Five populations of rock-wallabies (Petrogale lateralis) in the central wheatbelt region of Western Australia were studied by Kinnear et al. (1998). The trends in rock-wallaby abundance at the sites that did and did not receive ground based fox control were markedly different; rock-wallabies apparently increased greatly at the two sites that received control but either did not increase (1 site) or decreased (2 sites) at the sites that did not receive fox control. Hone (1999) argued that, since no data were presented on trends in fox abundance as a result of the fox baiting, it cannot be assumed that the mechanism for the increase in rock-wallabies at the baited sites was reduced fox predation.
Friend and Scanlon (1996) report on the effect of fox control on populations of red-tailed phascogale (Phascogale calura) in the Western Australian wheatbelt. Trap success data from 1994-1996 suggests that fox control benefits populations of red-tailed phascogale. However, it was also noted that rainfall and population abundance from the previous year were strongly related, which obscures the effect of other factors.
Friend and Thomas (2003) report changes in the sighting rates of numbats (Myrmecobius fasciatus) at Dryandra, Western Australia (see also Saunders et al. 1995). When fox control was undertaken the sighting rate increased from c. 5 numbats 100 km-1 in 1989 to c. 11 numbats 100 km-1 in 1992, but thereafter declined to pre-poison baiting levels. The cause of this decline was suspected to be a decline in the food supply induced by the increasing population (Friend and Thomas 2003).
Chuditch (or western quoll, Dasyurus geoffroii) apparently increased in abundance following the application of dried meat baits containing 1080 to kill foxes at Batalling forest, Western Australia (Morris et al. 2003). Chuditch trap success increased from c. 0.5% in December 1990, when fox control began, to a peak of 13% in July 1995. Thereafter, trap success has been lower but still an order of magnitude greater than when control began in 1990. Morris et al. (2003) describe examples of chuditch translocated to former range establishing populations when foxes were controlled.
Saunders et al. (1995) overview unpublished studies that report a 30-fold increase in the abundance of Rothschild's rock-wallaby (Petrogale rothschildi) following the removal of foxes from Dolphin Island by 1080 baiting. There was also an apparent increase in the abundance of bettongs (Bettongia penicillata) in the Tutanning Nature Reserve, Western Australia, following a 5 year baiting program. A recent review of interactions between feral cats, foxes, native carnivores, and feral rabbits in Australia noted several exceptions to the predicted responses of small mammals to fox control (Robley et al. 2004).
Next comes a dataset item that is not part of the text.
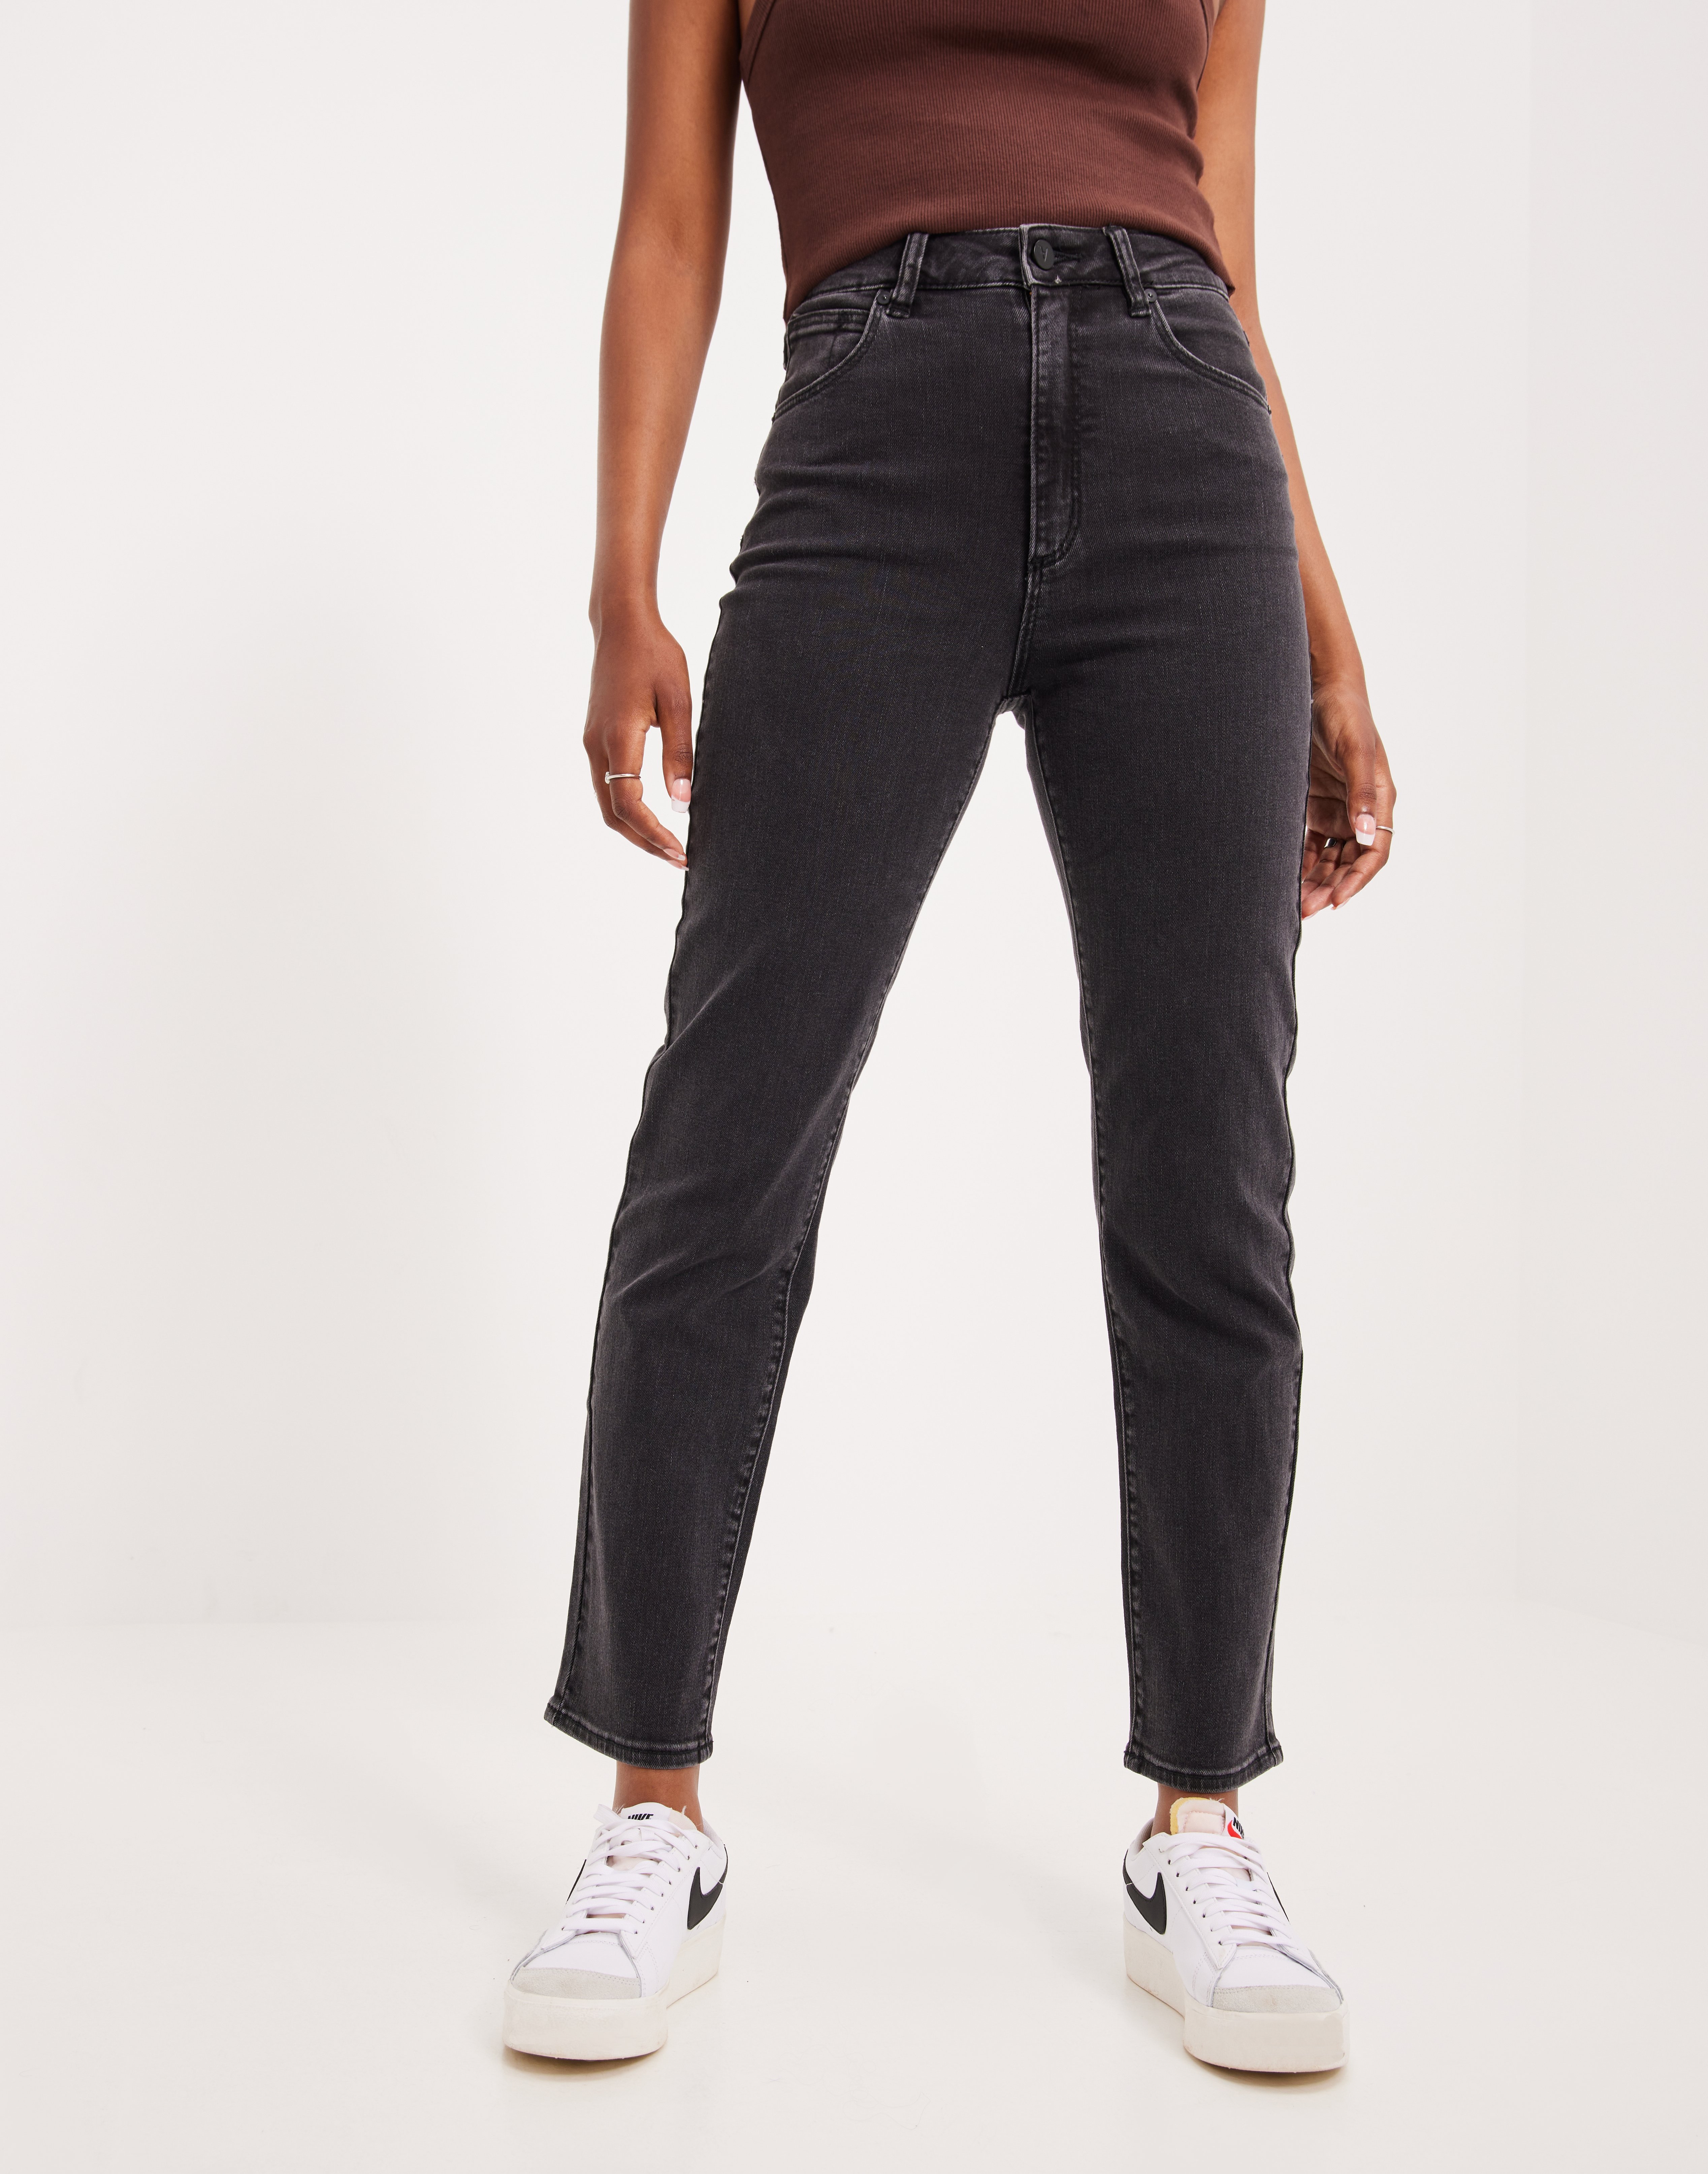 Abrand Jeans - High waisted jeans - A 94 High Slim 90210 - Jeans

The numbat, chuditch, Rothschild's rock-wallaby, and bettong case studies above all suffer from a lack of replication (Caughley and Gunn 1996). However, as Friend and Thomas (2003) argue, there are often no other areas available for replication. Also, some populations may be very close to extinction such that non-treatment sites may be ethically difficult to justify.
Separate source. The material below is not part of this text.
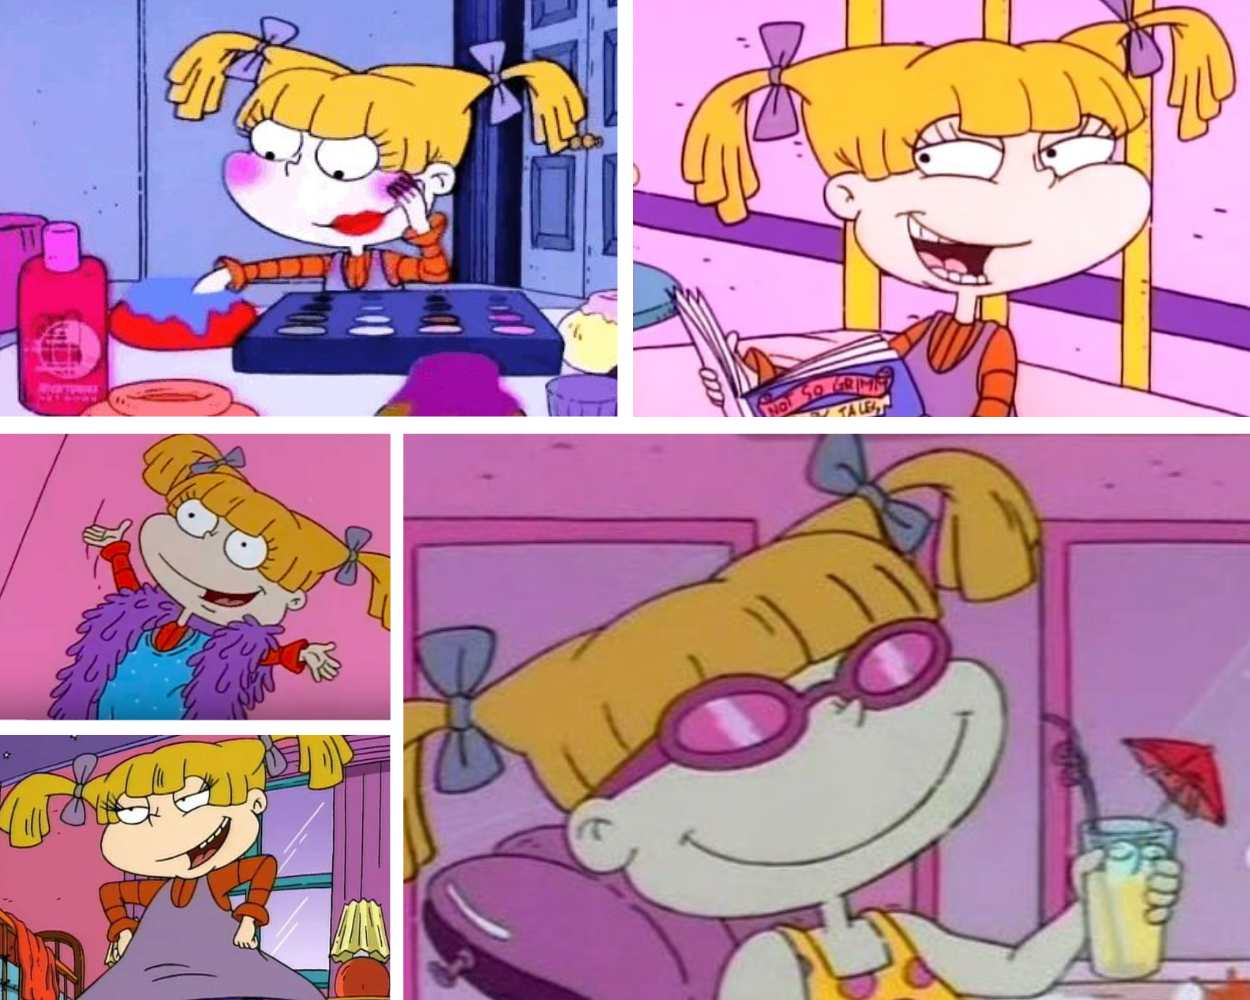 Angelica Pickles from Rugrats

New South Wales National Parks and Wildlife Service has recently implemented the state's threat abatement plan for predation by the red fox (NSW National Parks and Wildlife Service 2001). Part of this plan includes monitoring the response of threatened species and fox abundance (in some cases) to fox control. Threatened species being monitored include; pied oystercatcher (Haematopus longirostris), rufous bettong (Aepyprymnus rufescens), alberts lyrebird (Menura alberti), beach-stone curlew (Esacus neglectus), brolga (Grus rubicunda), little tern (Sterna albifrons), Bellinger river emydura (Emydura macquarii), broad-toothed rat (Mastacomys fuscus), brush-tailed rock wallaby (Petrogale penicillata), southern brown bandicoot (Isoodon obesulus), long-nosed bandicoot (Perameles nasuta), hooded plover (Thinornis rubricollis), smoky mouse (Pseudomys fumeus), long-footed potoroo (Potorous longipes), malleefowl (Leipoa ocellata), Australasian bittern (Botaurus poiciloptilus), black-striped wallaby (Macropus dorsalis), plains wanderer (Pedionomus torquatus), and yellow-footed wallaby (Petrogale xanthopus).
Foxes are a known or perceived threat for 51 species listed under the EPBC Act (Table 1); 31 mammals, 8 birds, 3 amphibian, 7 reptiles, 1 invertebrate and 1 plant species. Some of these species were identified in the above overview. The 31 mammal species listed under the EPBC Act for which foxes are a known or perceived threat appear to have that status because foxes have been reported to eat those species, or species have shown a positive response in areas where foxes are excluded. Hence, there is limited reliable information on the benefits of fox control for the majority of the species listed in the EPBC Act which are threatened by foxes.
We consider that the greatest priority is understanding the benefits of fox control for native fauna species. The next priority would be developing methods for estimating the absolute abundance of foxes.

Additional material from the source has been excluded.